Frustrated, Giles said, "Very well then. Sixth period it is. See you then."

Then he got up and stiffly limped into his office.

She turned and left the room. If the brainy guy was in on it -- well, he'd figure it out.

Now if he'd only do something about all that tweed...

X X X X X

Giles shook his head as he entered his office. There was a definite pain in his leg when he sat down -- odd that he didn't remember having injured it -- but that was of little matter.

Cordelia actually had been of some help in the past -- ut this was too much. For the girl to imagine that she was having dreams that were in any way prophetic was little short of ridiculous. Still, a promise was a promise, and given that he would spend a few hours looking for information to see if there was any possibility that this dream might, indeed be relevant to something important due to occur.

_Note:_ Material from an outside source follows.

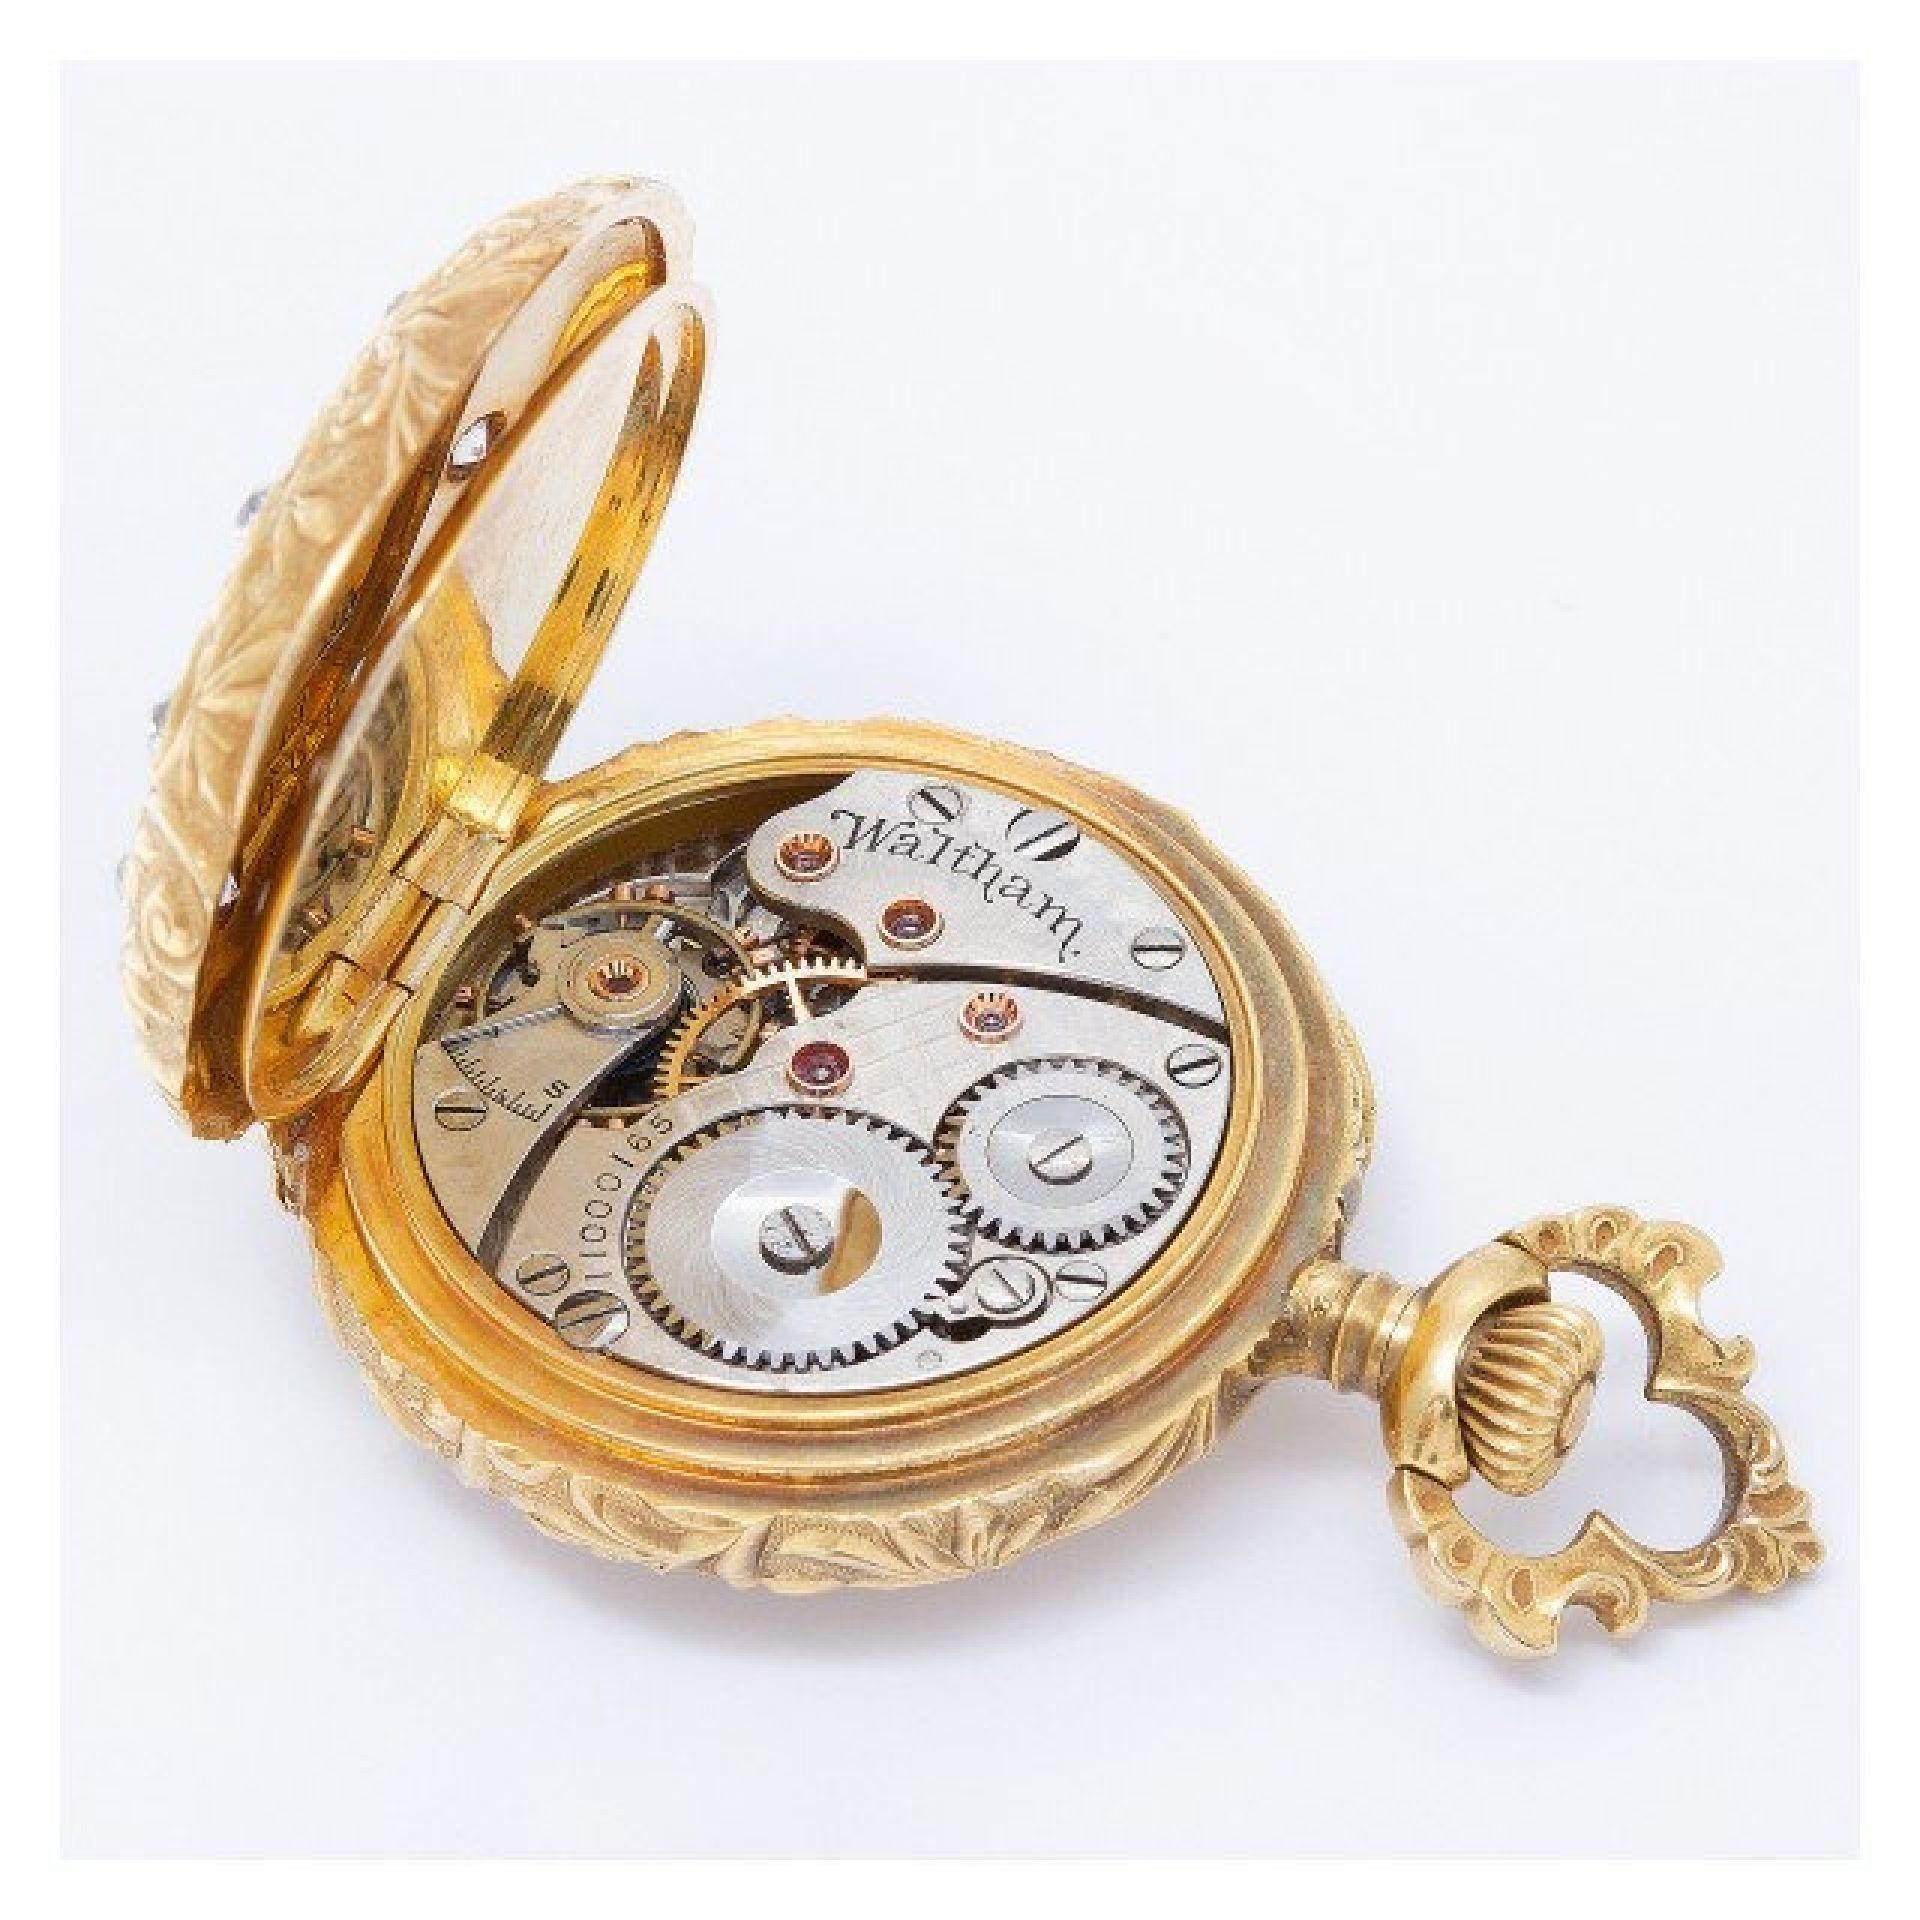 Waltham pocket watch 18k White dial 27mm Manual watch

He blinked a few times and shook his head again, trying to wake up. Now then: Dreams of a pit, and of singing to save people...

X X X X X

Mayor Richard Wilkins woke up abruptly; he was bent over the desk in his office.

Which was extremely odd, because he'd fallen asleep in his own bed, at home, and he was not prone to sleepwalking. As he raised his head he noticed that he was resting in on a sheet of paper written, sloppily, in his own handwriting.

"TONIGHT IS THE NIGHT," it read. And it was signed, "Hypnos." He'd suspected that Hypnos' time was near, but he never thought the magician would be arrogant enough to control his body. Well, no matter, he knew exactly what Hypnos wanted, and exactly his part in how to prepare for the event. From the old clock on the wall -- 7:30 or so in the morning -- he had plenty of time to get it all together, until around midnight. Still, he had not been put into office to waste the taxpayers' time, so as soon as he yawned, stretched, and washed his hands, he placed two phone calls.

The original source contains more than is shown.